Salvadoran President Nayib Bukele and his New Ideas party have won the supermajority the leader needs in congress to govern as he pleases, electoral officials announced on Monday.
The announcement comes after a painstaking vote counting process, which has raised the hackles of electoral watchdogs and the country’s weak opposition, who cite irregularities.
Bukele won re-election on Feb. 4 with 84.7 percent of the vote. What had remained up in the air was if Bukele’s New Ideas party would be equally as successful in legislative elections.
Photo: AP
On Monday, officials announced that New Ideas won 54 of the 60 congressional seats. Allied parties won an additional three seats.
Despite not having the final results, the leader had already declared victory in the presidency and in congress the night of the election, saying: “El Salvador has broken all the records of all democracies in the entire history of the world.”
“Never has a project won with the number of votes we have won today,” Bukele said. “It is literally the highest percentage in all of history.”
Now — with the vote actually certified — the supermajority effectively gives the self-described “world’s coolest dictator” even firmer control of all three branches of government.
The 42-year-old leader is massively popular in El Salvador due to his war on the country’s gangs, which resulted in a sharp drop in violence.
However, Bukele has also been accused of undemocratic moves, including carrying out an electoral reform that critics say stacked the vote in favor of his New Ideas party, particularly in legislative and local elections.

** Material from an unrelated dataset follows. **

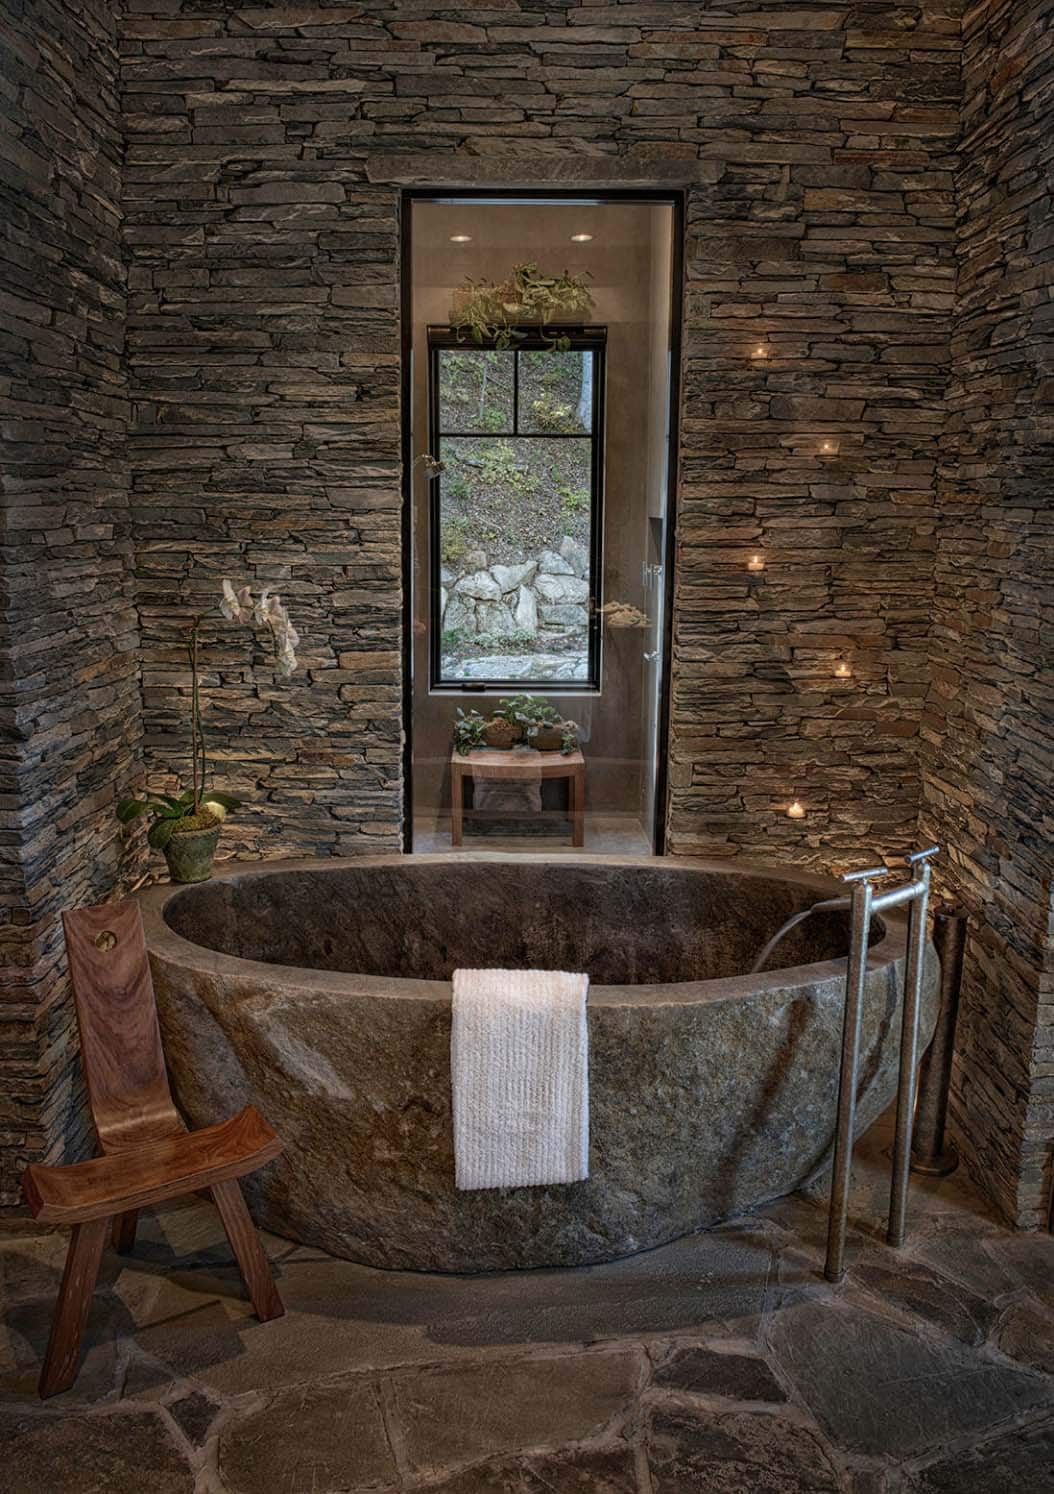 romantic rustic bathroom with stone tub and stone walls
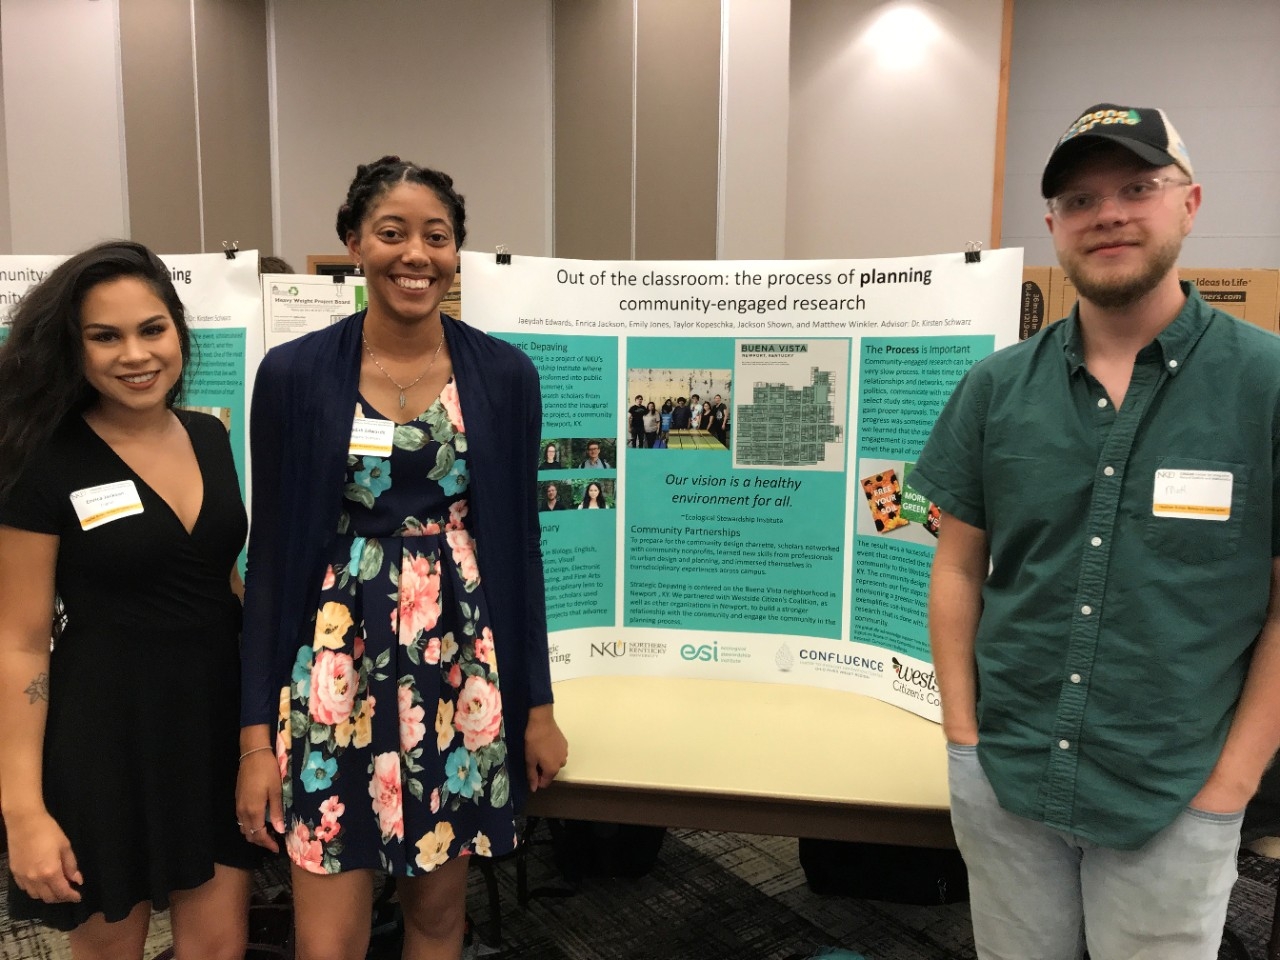 Three Northern Kentucky University STEM majors smile proudly next to their research poster at a student research celebration event

Last year, congress passed electoral reforms that reduced the number of seats in the unicameral chamber to 60 from 84, a move expected to favor New Ideas.
Bukele needs congress to continue emergency measures approved month-to-month for his gang crackdown. Previously, the leader clashed with opposition parties in congress blocking his initiatives, even showing up to congress with armed military officers.
“Now, he doesn’t need any other party,” said Eduardo Escobar, a lawyer with the nongovernmental organization Citizen Action who said that before the election, Bukele would at least have to pull on support from allied parties.
Congressional control would also potentially allow him to alter the constitution – which bans leaders from holding consecutive terms – to stay in power.
While constitutional lawyers argue it is illegal to make such changes, Bukele already sparked controversy by running for re-election. His party’s majority in congress and a friendly court they stacked allowed him to dodge the constitutional ban.